Per un’adeguata comprensione dell’identità delle persone sieropositive occorre quindi fare riferimento ad un modello teorico che consideri in modo specifico l’importanza che le variabili legate al contesto sociale in cui l’individuo vive possono giocare rispetto ai processi di
ristrutturazione identitaria. Non è infatti possibile sottovalutare il violento impatto sociale che il soggetto è spesso costretto a subire a causa della malattia in sé e delle modificazioni fisiche da essa causate. La stigmatizzazione sociale a cui l’individuo stesso deve talvolta far fronte può portare ad inevitabili frantumazioni dell’identità: rotture dolorose che possono alterare i suoi pensieri e le sue azioni, facendo divenire assolutamente necessario un processo di ristrutturazione del sé.
A questa situazione si aggiunge oggi la presenza della lipodistrofia che con le sue visibili manifestazioni può alimentare ulteriori paure, ad esempio rispetto alla possibilità che le modificazioni del corpo divengano un elemento di riconoscibilità della propria malattia da parte degli altri (Reynolds et al., 2006; Tate e George, 2001).
Il tempo della diagnosi, le rappresentazioni e i significati attribuiti alla malattia, la rivelazione/accettazione sociale, lo stigma associato alla malattia HIV/AIDS, le modificazioni del corpo e l’impatto che queste hanno sulla vita delle persone malate, sono importanti variabili da prendere in considerazione in uno studio sui processi di ristrutturazione dell’identità delle persone affette da HIV/AID.
Rispetto a tali processi, ci preme evidenziare che, in letteratura, se da una parte sono presenti studi focalizzati sul sé o sull’identità complessiva della persona affetta da HIV/AIDS, dall’altra parte molte indagini hanno posto attenzione a specifiche dimensioni identitarie.

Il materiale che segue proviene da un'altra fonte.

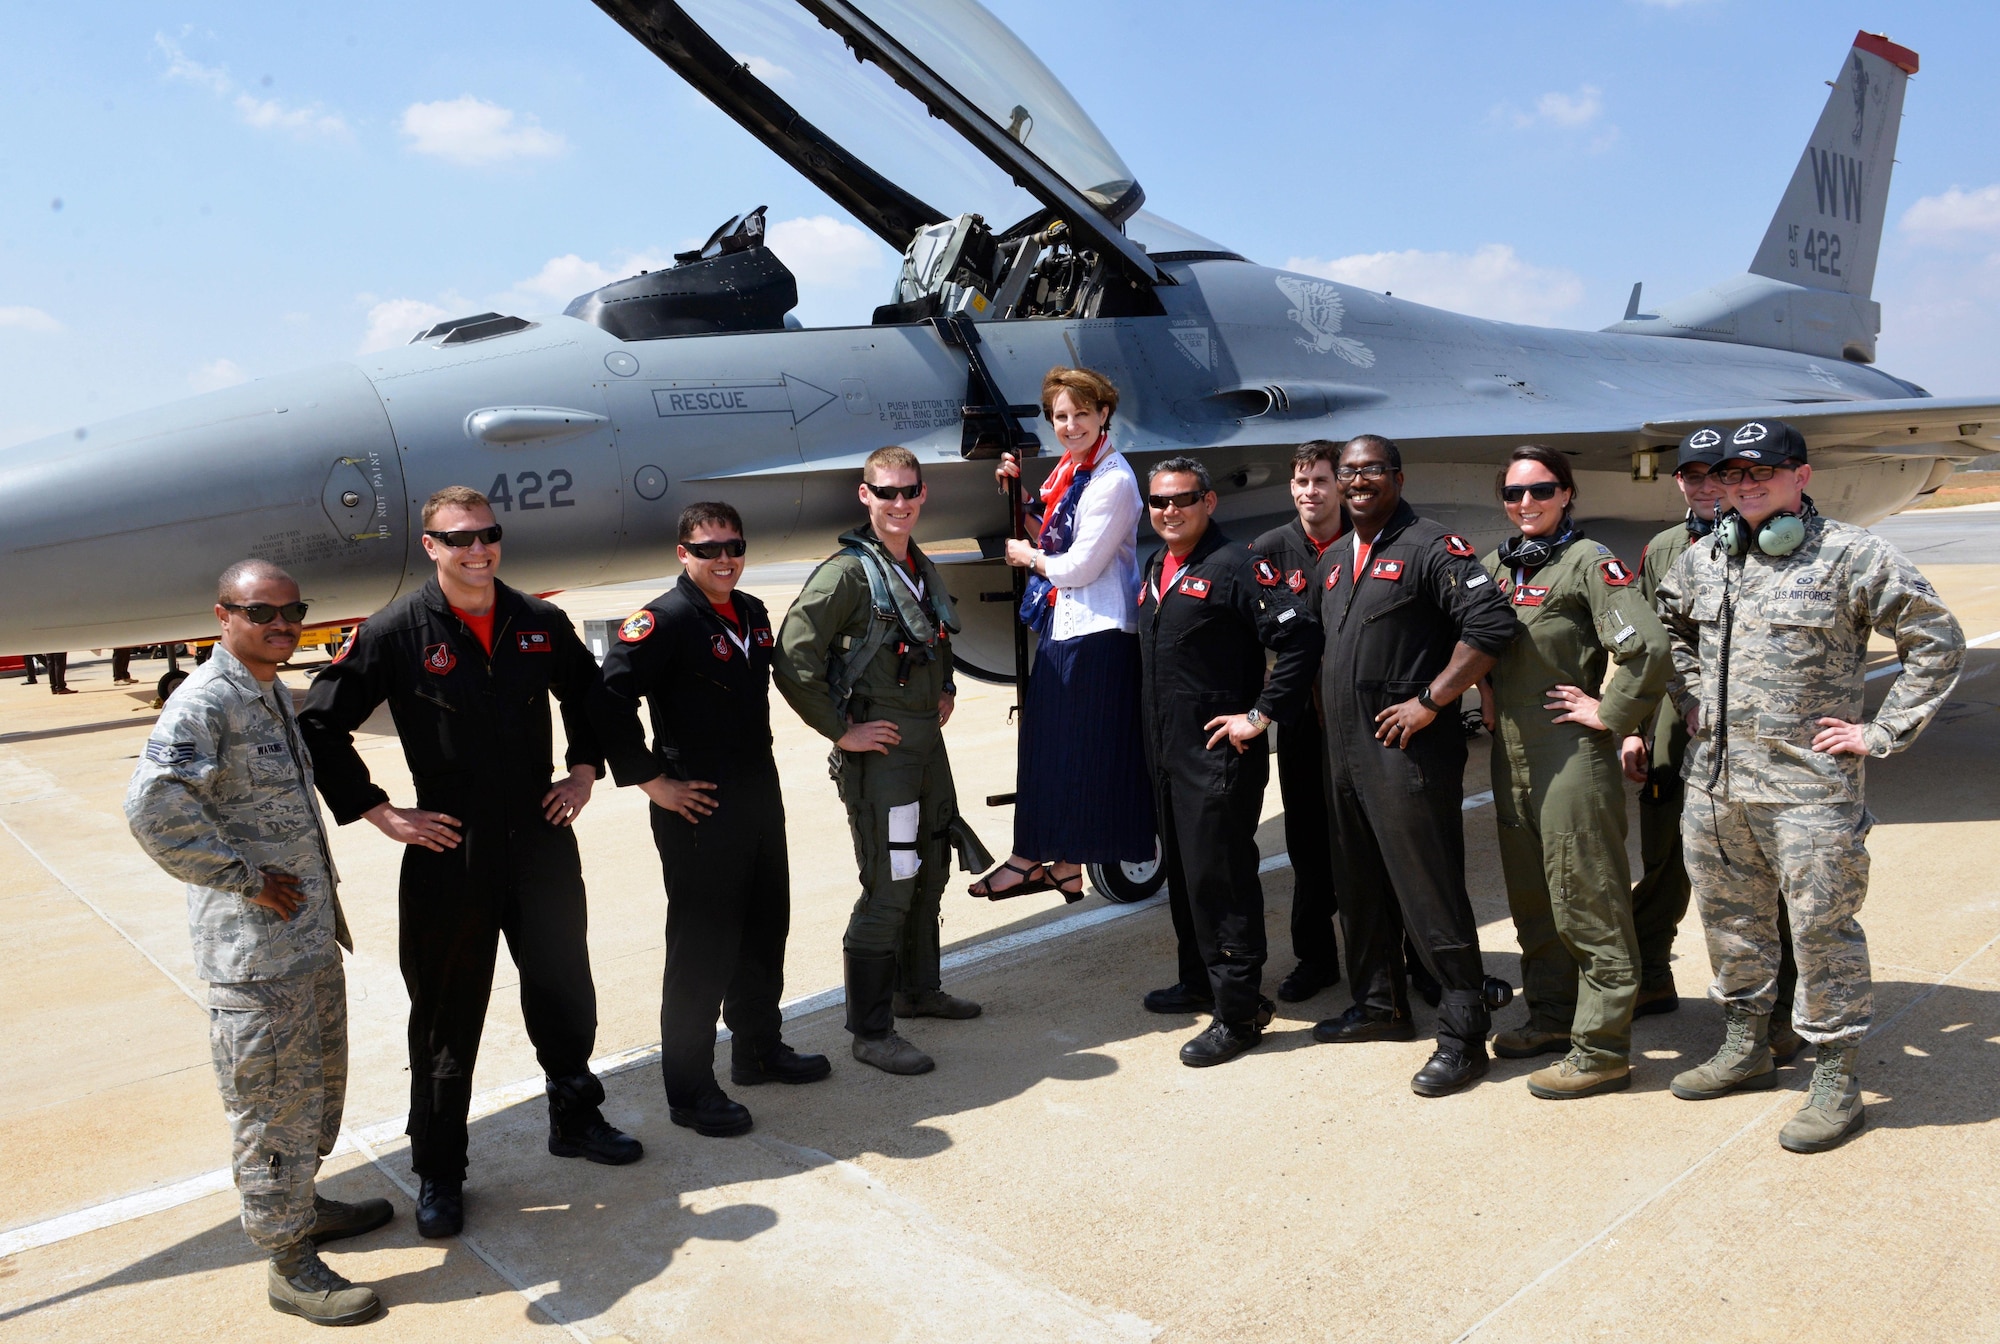 The U.S. Air Force's Pacific Air Forces Demonstration Team members pose for a photo with MaryKay Carlson, Charge d'Affaire for U.S. Mission to India during opening day events for Aero India 2017 at Air Force Station Yelahanka Feb. 16, 2017. The F-16 Fighting Falcon is a compact, multi-role fighter aircraft. It is highly maneuverable and has proven itself in air-to-air combat and air-to-surface attack and provides a relatively low-cost, high-performance weapon system for the United States and allied nations. The United States participates in air shows and other regional events to demonstrate its commitment to the security of the Indo-Asia-Pacific region, promote the standardization and interoperability of equipment, and display capabilities critical to the success of current and future military operations. (U.S. Air Force photo by Capt. Mark Lazane)

In quest’ultimo caso si tratta di studi che si sono concentrati su dimensioni dell’identità emerse come aspetti importanti nella definizione che le persone danno di sé, quali il lavoro (Mason et al., 1995; Goodman, 1997;
Timmos e Fesko, 2004), le relazioni interpersonali (Bor, du Plessis e Russel, 2004; Varas-Diaz et al., 2005; Santos et al., 2005; Luzi et al., 2005) e il corpo (Merriam et al., 1997; Power, 1998;
Tewksbury e McGaughery, 1998; Collins et al., 2000; Huang et al., 2006).
La maggior parte di tali studi ha fatto emergere elementi importanti da considerare nei processi di cambiamento identitario a seguito della malattia; focalizzandosi su dimensioni identitarie specifiche, questi stessi studi hanno forse perso di vista la complessità dei cambiamenti identitari che un evento di questo genere tende a comportare. Per quanto riguarda l’aspetto specifico relativo al corpo è bene sottolineare che, soprattutto negli ultimi anni, ha acquistato notevole importanza in seguito all’insorgere della lipodistrofia (Carr et al., 1998).
È su questo aspetto che si è deciso di porre l’attenzione della nostra ricerca: il corpo. L’attuale presenza dei cambiamenti corporei legati alla lipodistrofia può infatti rendere riconoscibile la malattia HIV/AIDS e comportare numerose conseguenze psicologiche nella vita delle persone che ne sono affette, come è stato d’altra parte riportato da vari studi presenti in letteratura sulla qualità
di vita e sulla percezione dell’immagine corporea (Guaraldi, 2001; Blanch, 2004; Guaraldi et al., 2006a).
Oggi, essendo la lipodistrofia la principale manifestazione clinica della malattia HIV/AIDS, è necessario dare il giusto peso alla presenza di quest’ulteriore ostacolo che la persona affetta dal virus si trova a dover fronteggiare. Un ostacolo che nella maggior parte degli studi citati non era stato considerato, essendo stati condotti in un periodo precedente all’introduzione di quei farmaci che modificano il corpo delle persone malate.